### [Task statement]
From the line with "Bargain Chemist Online" through the line with "Kui Peterburi külje", repeat the entries verbatim, both end lines included, and add nothing.

Extracted data: Begin

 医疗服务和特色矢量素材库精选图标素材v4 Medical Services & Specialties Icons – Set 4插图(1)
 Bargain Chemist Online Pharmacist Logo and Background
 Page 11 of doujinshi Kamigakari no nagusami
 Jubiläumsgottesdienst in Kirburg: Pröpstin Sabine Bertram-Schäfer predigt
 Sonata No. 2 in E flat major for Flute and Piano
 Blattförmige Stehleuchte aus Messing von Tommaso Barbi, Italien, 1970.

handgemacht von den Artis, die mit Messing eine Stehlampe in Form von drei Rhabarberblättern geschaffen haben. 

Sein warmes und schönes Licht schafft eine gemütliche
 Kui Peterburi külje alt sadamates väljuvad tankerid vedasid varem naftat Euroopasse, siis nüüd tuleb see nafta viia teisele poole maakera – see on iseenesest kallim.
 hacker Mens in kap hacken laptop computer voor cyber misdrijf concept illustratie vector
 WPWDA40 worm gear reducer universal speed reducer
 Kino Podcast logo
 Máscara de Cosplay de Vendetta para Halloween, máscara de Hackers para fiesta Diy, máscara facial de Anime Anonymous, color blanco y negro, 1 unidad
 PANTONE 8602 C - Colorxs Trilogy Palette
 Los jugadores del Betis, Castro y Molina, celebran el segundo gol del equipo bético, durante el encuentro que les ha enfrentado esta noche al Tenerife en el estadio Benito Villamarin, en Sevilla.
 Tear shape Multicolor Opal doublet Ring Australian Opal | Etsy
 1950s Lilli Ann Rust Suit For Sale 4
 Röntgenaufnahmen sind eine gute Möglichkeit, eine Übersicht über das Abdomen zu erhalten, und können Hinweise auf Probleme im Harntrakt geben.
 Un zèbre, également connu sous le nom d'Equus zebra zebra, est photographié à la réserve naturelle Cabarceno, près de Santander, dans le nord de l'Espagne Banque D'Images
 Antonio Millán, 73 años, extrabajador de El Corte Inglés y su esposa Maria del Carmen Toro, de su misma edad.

Extracted data: End

### [Task answer]
 Bargain Chemist Online Pharmacist Logo and Background
 Page 11 of doujinshi Kamigakari no nagusami
 Jubiläumsgottesdienst in Kirburg: Pröpstin Sabine Bertram-Schäfer predigt
 Sonata No. 2 in E flat major for Flute and Piano
 Blattförmige Stehleuchte aus Messing von Tommaso Barbi, Italien, 1970.

handgemacht von den Artis, die mit Messing eine Stehlampe in Form von drei Rhabarberblättern geschaffen haben. 

Sein warmes und schönes Licht schafft eine gemütliche
 Kui Peterburi külje alt sadamates väljuvad tankerid vedasid varem naftat Euroopasse, siis nüüd tuleb see nafta viia teisele poole maakera – see on iseenesest kallim.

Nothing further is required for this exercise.